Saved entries
________________
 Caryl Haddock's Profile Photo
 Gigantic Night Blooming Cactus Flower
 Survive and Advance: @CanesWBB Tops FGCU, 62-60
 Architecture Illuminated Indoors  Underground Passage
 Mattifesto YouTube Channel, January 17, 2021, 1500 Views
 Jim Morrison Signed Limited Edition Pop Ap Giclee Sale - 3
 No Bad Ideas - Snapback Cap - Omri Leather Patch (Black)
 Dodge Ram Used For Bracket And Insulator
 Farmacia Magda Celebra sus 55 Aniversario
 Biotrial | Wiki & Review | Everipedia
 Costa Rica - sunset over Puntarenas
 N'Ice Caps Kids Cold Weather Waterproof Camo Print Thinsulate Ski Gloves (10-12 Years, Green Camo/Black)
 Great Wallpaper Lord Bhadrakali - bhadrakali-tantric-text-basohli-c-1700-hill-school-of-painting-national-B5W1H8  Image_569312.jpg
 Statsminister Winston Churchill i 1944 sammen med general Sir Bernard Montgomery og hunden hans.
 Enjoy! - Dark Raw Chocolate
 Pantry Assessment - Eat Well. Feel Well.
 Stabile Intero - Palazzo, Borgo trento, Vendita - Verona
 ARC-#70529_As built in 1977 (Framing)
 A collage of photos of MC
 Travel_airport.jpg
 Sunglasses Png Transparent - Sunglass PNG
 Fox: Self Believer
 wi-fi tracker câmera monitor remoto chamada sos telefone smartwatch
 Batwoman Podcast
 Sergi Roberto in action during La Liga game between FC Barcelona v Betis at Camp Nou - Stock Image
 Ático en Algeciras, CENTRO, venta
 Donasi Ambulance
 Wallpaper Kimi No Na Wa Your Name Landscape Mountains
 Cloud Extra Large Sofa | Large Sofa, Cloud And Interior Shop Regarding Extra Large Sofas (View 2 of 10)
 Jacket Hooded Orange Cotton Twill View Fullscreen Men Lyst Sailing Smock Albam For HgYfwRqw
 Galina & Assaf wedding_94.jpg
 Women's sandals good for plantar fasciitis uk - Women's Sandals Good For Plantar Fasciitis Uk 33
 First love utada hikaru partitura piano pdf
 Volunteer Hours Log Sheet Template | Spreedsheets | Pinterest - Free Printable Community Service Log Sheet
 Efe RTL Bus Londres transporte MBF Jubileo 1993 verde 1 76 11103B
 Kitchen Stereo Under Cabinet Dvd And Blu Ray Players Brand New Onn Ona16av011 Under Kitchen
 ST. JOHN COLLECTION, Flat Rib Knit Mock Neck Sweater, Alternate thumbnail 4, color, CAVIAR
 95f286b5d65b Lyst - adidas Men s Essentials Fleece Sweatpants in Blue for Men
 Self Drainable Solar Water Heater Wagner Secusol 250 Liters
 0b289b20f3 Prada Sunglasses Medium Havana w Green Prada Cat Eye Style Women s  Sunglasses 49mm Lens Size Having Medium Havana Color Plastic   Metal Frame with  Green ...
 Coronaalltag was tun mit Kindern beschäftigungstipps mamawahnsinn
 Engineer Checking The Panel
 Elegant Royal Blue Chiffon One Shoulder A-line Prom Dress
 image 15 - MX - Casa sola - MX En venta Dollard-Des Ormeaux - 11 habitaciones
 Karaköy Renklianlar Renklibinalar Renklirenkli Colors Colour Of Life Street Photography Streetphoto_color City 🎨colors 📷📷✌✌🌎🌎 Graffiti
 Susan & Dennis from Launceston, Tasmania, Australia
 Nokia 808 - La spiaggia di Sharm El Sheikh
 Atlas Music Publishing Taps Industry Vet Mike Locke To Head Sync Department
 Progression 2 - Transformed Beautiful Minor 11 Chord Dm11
________________
Print exactly the stretch of lines beginning with the one that holds "Self Drainable Solar" and ending at the last line above.

**EXERCISE ANSWER**
 Self Drainable Solar Water Heater Wagner Secusol 250 Liters
 0b289b20f3 Prada Sunglasses Medium Havana w Green Prada Cat Eye Style Women s  Sunglasses 49mm Lens Size Having Medium Havana Color Plastic   Metal Frame with  Green ...
 Coronaalltag was tun mit Kindern beschäftigungstipps mamawahnsinn
 Engineer Checking The Panel
 Elegant Royal Blue Chiffon One Shoulder A-line Prom Dress
 image 15 - MX - Casa sola - MX En venta Dollard-Des Ormeaux - 11 habitaciones
 Karaköy Renklianlar Renklibinalar Renklirenkli Colors Colour Of Life Street Photography Streetphoto_color City 🎨colors 📷📷✌✌🌎🌎 Graffiti
 Susan & Dennis from Launceston, Tasmania, Australia
 Nokia 808 - La spiaggia di Sharm El Sheikh
 Atlas Music Publishing Taps Industry Vet Mike Locke To Head Sync Department
 Progression 2 - Transformed Beautiful Minor 11 Chord Dm11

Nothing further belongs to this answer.